Training data size and event distribution for LMU time series

Hello all, I have done quite a bit of research, and read the paper numerous times, however I haven’t been able to get a clear understanding that can provide an answer to my below questions. Thank you in advance for any help and clarity you can offer!

I have a few questions, as follows:

[Question 1] I understand the LMU to function similar to a standard RNN, as it relates to time series data. Does a sliding window work with the LMU for event based data?

[Question 2] Does unbalanced data have an effect on the LMU?

[2a] Is small batch training something compatible with the LMU?

[Question 3] Should the “size” of the LMU be determined by the total amount of training data, or, rather, the size of each subset of data (i.e., each individual timeseries).

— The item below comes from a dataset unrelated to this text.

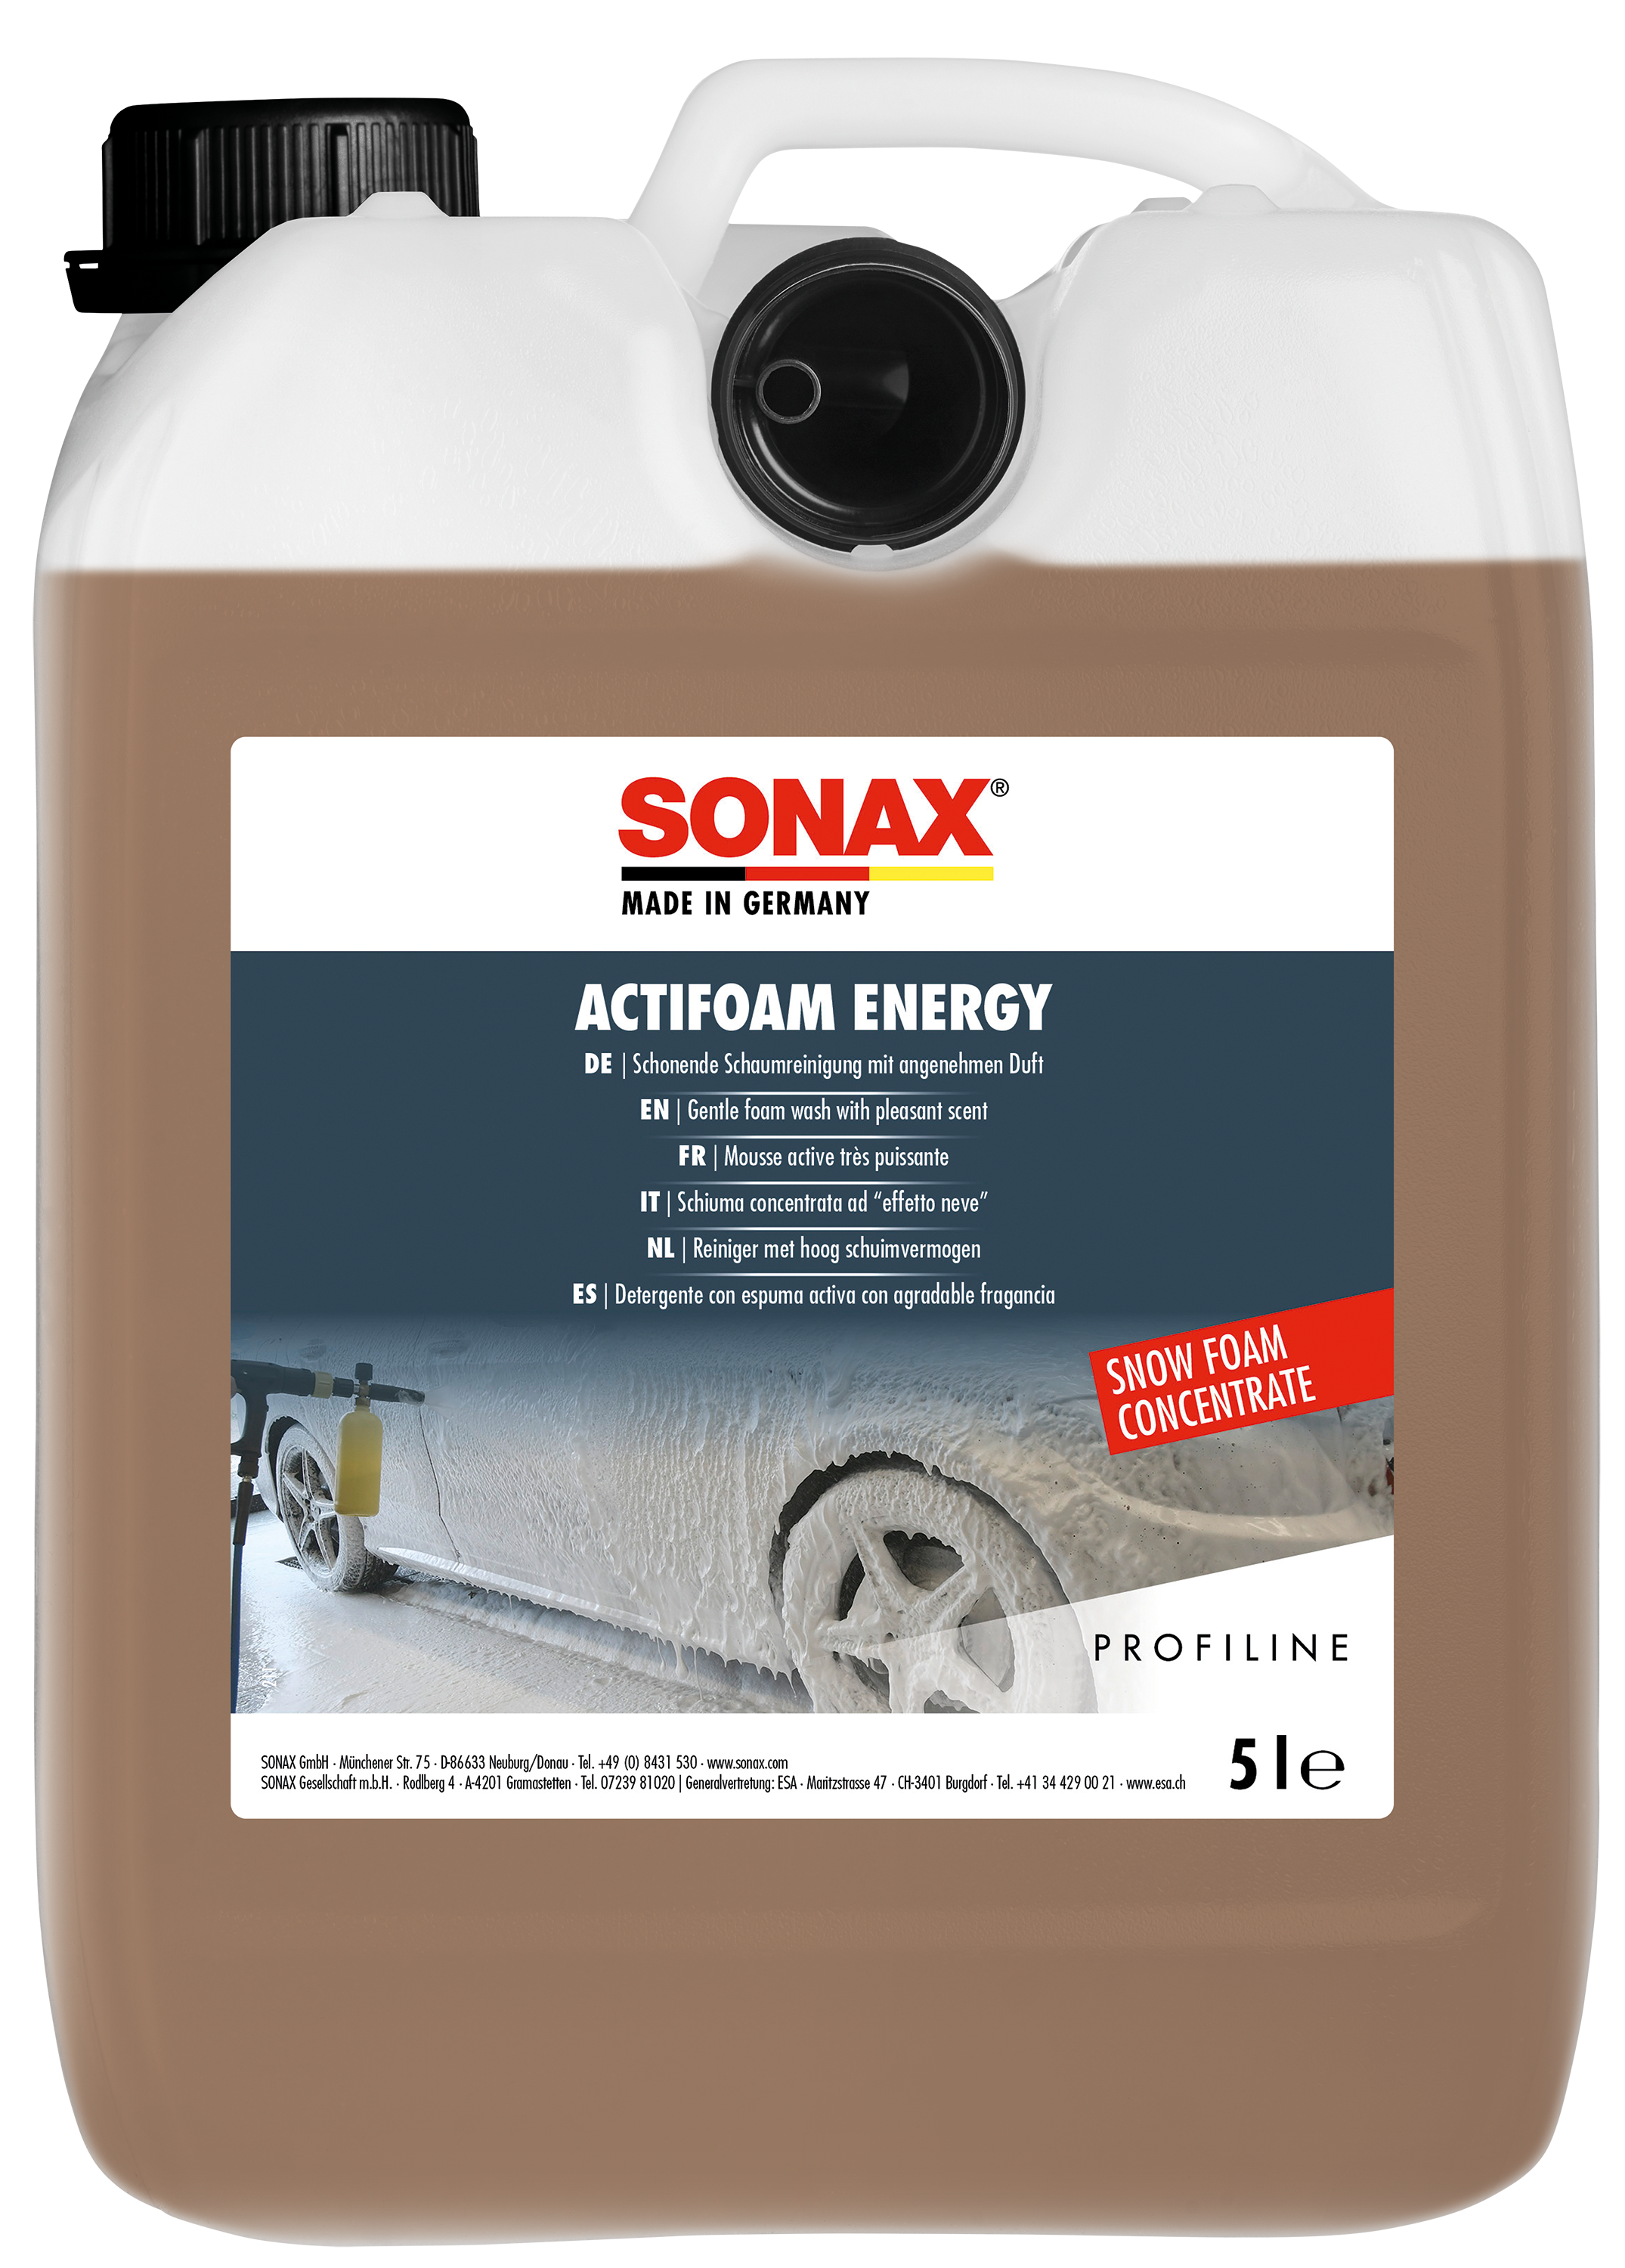 Buy Sonax Winter Edition Felgenreiniger 140ml - foodora MARKET Innsbruck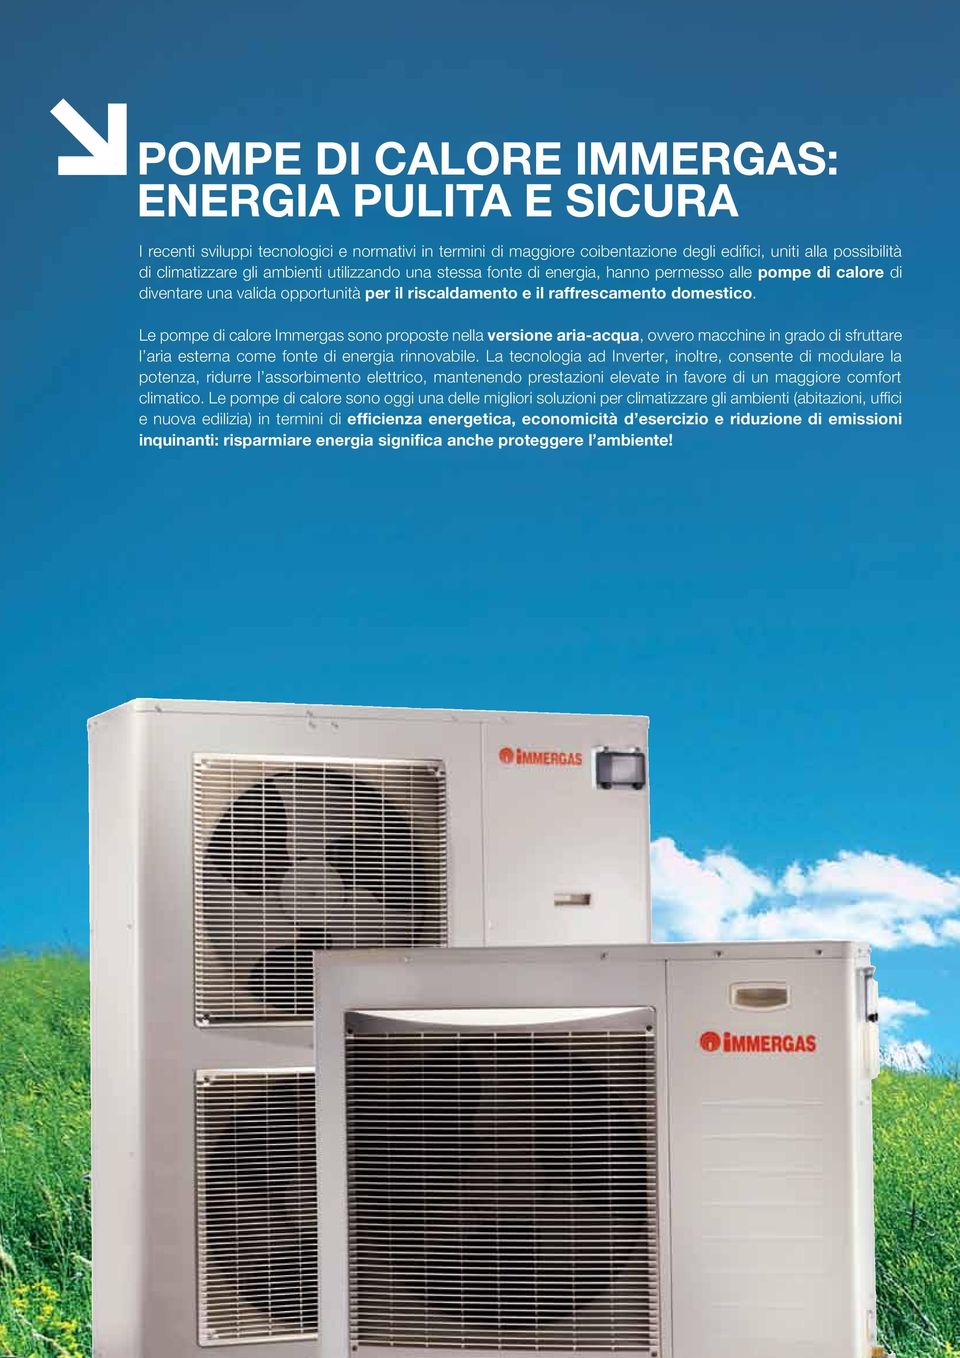 Le pompe di calore Immergas sono proposte nella versione aria-acqua, ovvero macchine in grado di sfruttare l aria esterna come fonte di energia rinnovabile.

Thank you very much in advance, and if you have any questions or need clarification, please let me know.

These sound like research questions to me! I don’t know of any existing applications of LMUs to event-based data of the type that you’re describing, so I think these are open questions.

To answer them, I would start by creating a simple LMU memory system (that is, just the dynamical system defined by the A and B matrices), and seeing how well it can encode/decode some of your event-based data. Here’s a notebook that looks at the ability of an LMU memory to encode some simple signals:
lmu-basics.ipynb (676.5 KB)

In terms of training with unbalanced data, I think the LMU is not special in this regard, since it’s simply a type of neural network layer, and the problems of unbalanced data have more to do with the training process (specifically the loss function). If you have unbalanced data, I would recommend using a weighting scheme that weights rarer examples more highly in your loss function, or presenting examples in a more balanced manner. That said, I can’t comment on your specific problem, and it may be possible to get reasonable results without accounting for the unbalanced data in this way.

Haha, I had a feeling I would get an answer along those lines @Eric but I really appreciate the information you provided, as well as the notebook. Sounds like I have some work/research to do!